Pemerintah Orde Baru dengan ketat sebenarnya menerapkan sistem satu partai. Sejak awal tahun 1970-an hingga 1998, formalnya hanya tiga partai yang boleh hidup, yakni Golkar, PPP, dan PDI. Dua partai yang disebut belakangan itu adalah hasil ”fusi paksa” yang disponsori pemerintah terhadap sembilan partai yang eksis dalam Pemilu 1971, pemilihan umum pertama di bawah Orde Baru. Kendati Golkar resminya bukan partai politik, melainkan hanya sebuah kelompok fungsional semata, pada praktiknya, Golkar adalah satu-satunya ”partai sejati” sepanjang rezim Orde Baru.

Guna memperkuat kontrol terhadap partai yang ada, Pasal 14 (1) UU No. 1 Tahun 1985 tentang Partai Politik:

”Memberi kewenangan kepada Presiden untuk membubarkan partai yang tidak sesuai dengan tujuan negara. Lebih jauh lagi, masih menurut Pasal 2 (1) UU yang sama, partai politik harus menerima Pancasila, falsafah negara, sebagai satu- satunya landasan, alias asas tunggal. Vatikiotis berpendapat bahwa kontrol melalui prinsip asas tunggal ini adalah pembatasan sangat efektif yang dilakukan Orde Baru terhadap ruang gerak masyarakat. Langkah ini merupakan pengebirian terhadap semua partai politik, dengan meletakkan kekuatan Islam ke dalam cengkeraman ketat kontrol negara”. (Denny Indrayana, 2007: 142).

Pemerintah Soeharto jelas bersikap pilih kasih, dengan membeda-bedakan bobot kontrolnya di antara ketiga partai yang ada. Terhadap PPP dan PDI, pemerintah bersikap jauh lebih ketat dan keras, ketimbang terhadap Golkar. Yang terakhir ini dengan cepat menjadi partai politik negara yang intim dengan militer Indonesia.
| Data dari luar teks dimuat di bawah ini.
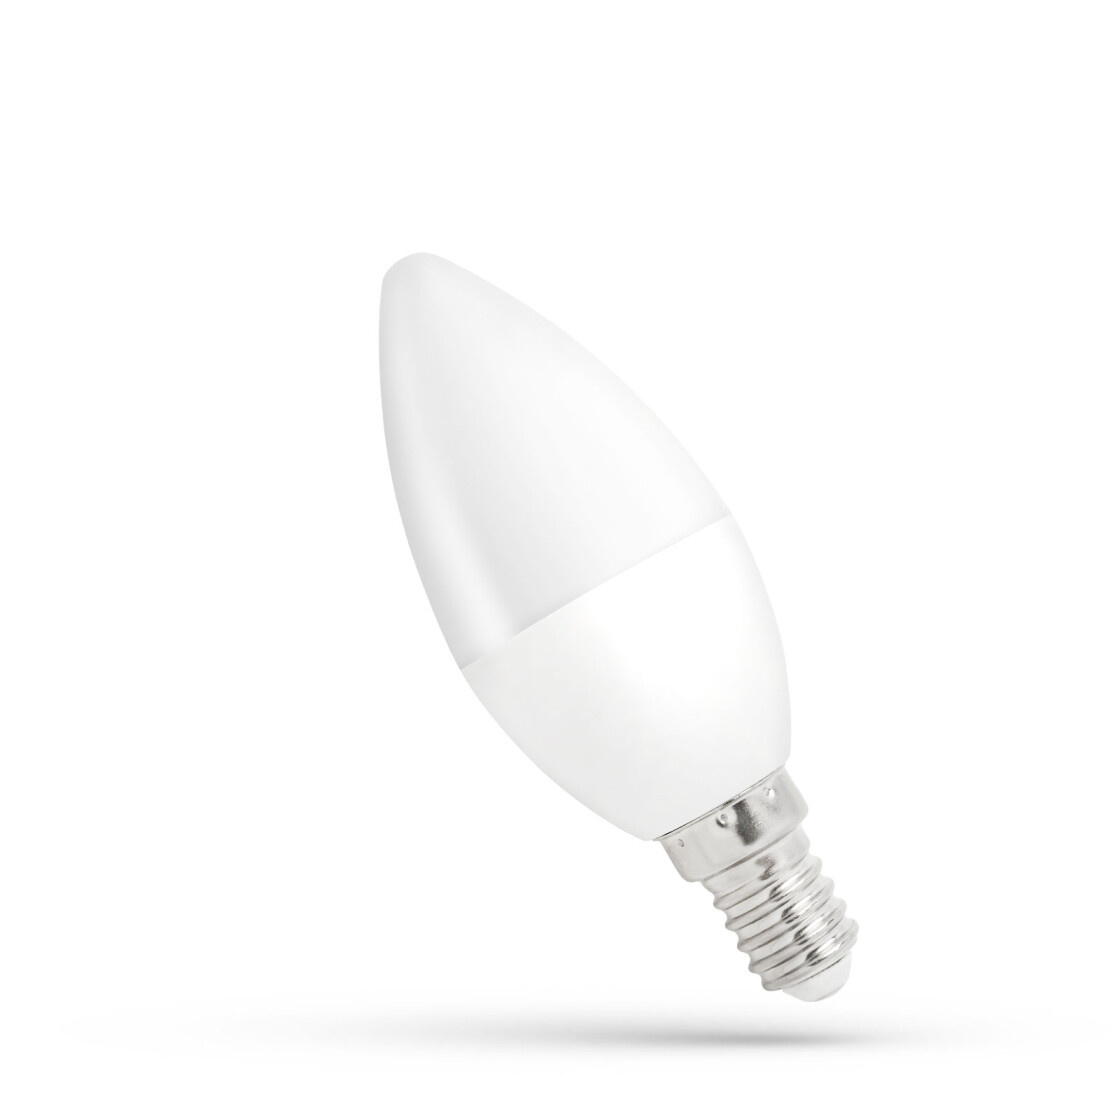 annuleren Besmettelijke ziekte Goed gevoel LED lamp E14 - C37 1W vervangt 10W - 6000K daglicht wit -  Ledlichtdiscounter.nl

Pemerintah Soeharto membantu kinerja Golkar, hasilnya, seperti terlihat dalam Tabel 1, Golkar tak terkalahkan dalam semua Pemilu yang digelar sepanjang sejarah Orde Baru: 1971, 1977, 1982, 1987, 1992, dan 1997.

Tabel 3

Hasil Pemilu Orde Baru 1971-1997 Tahun Golkar % total jumlah kursi Golkar % total jumlah suara PPP % total jumlah kursi PPP % total jumlah suara PDI % total umlah kursi PDI % total jumlah suara

1971 66 59 27 26 8 9 1977 64 56 28 27 8 8 1982 60 64 24 28 6 8 1987 75 73 15 16 10 11 1992 70 68 16 17 14 15 1997 76 75 21 22 3 3

Sumber: (Denny Indrayana, 2007: 146). Denny Indrayana. (2007). Amandemen UUD 1945, antara mitos dan pembongkaran. Bandung: Penerbit Mizan.

Salah satu di antara mekanisme yang digunakan untuk membantu Golkar, agar selalu menang dalam setiap Pemilu, adalah:

“Kewajiban bagi para pegawai negeri sipil untuk selalu mendukung Golkar. Semua PNS secara otomatis menjadi anggota Korpri, sebuah lembaga yang setali tiga uang dengan Golkar, dan sejak awal 1970-an semua anggota Korpri diwajibkan menandatangani sebuah surat yang menyatakan “monoloyalitas” mereka kepada Golkar. Mereka yang melanggarnya dianggap telah melakukan tindak pengkianatan dan hal demikian sudah cukup untuk menjadi alasan pemecatan”. (Denny Indrayana, 2007: 144).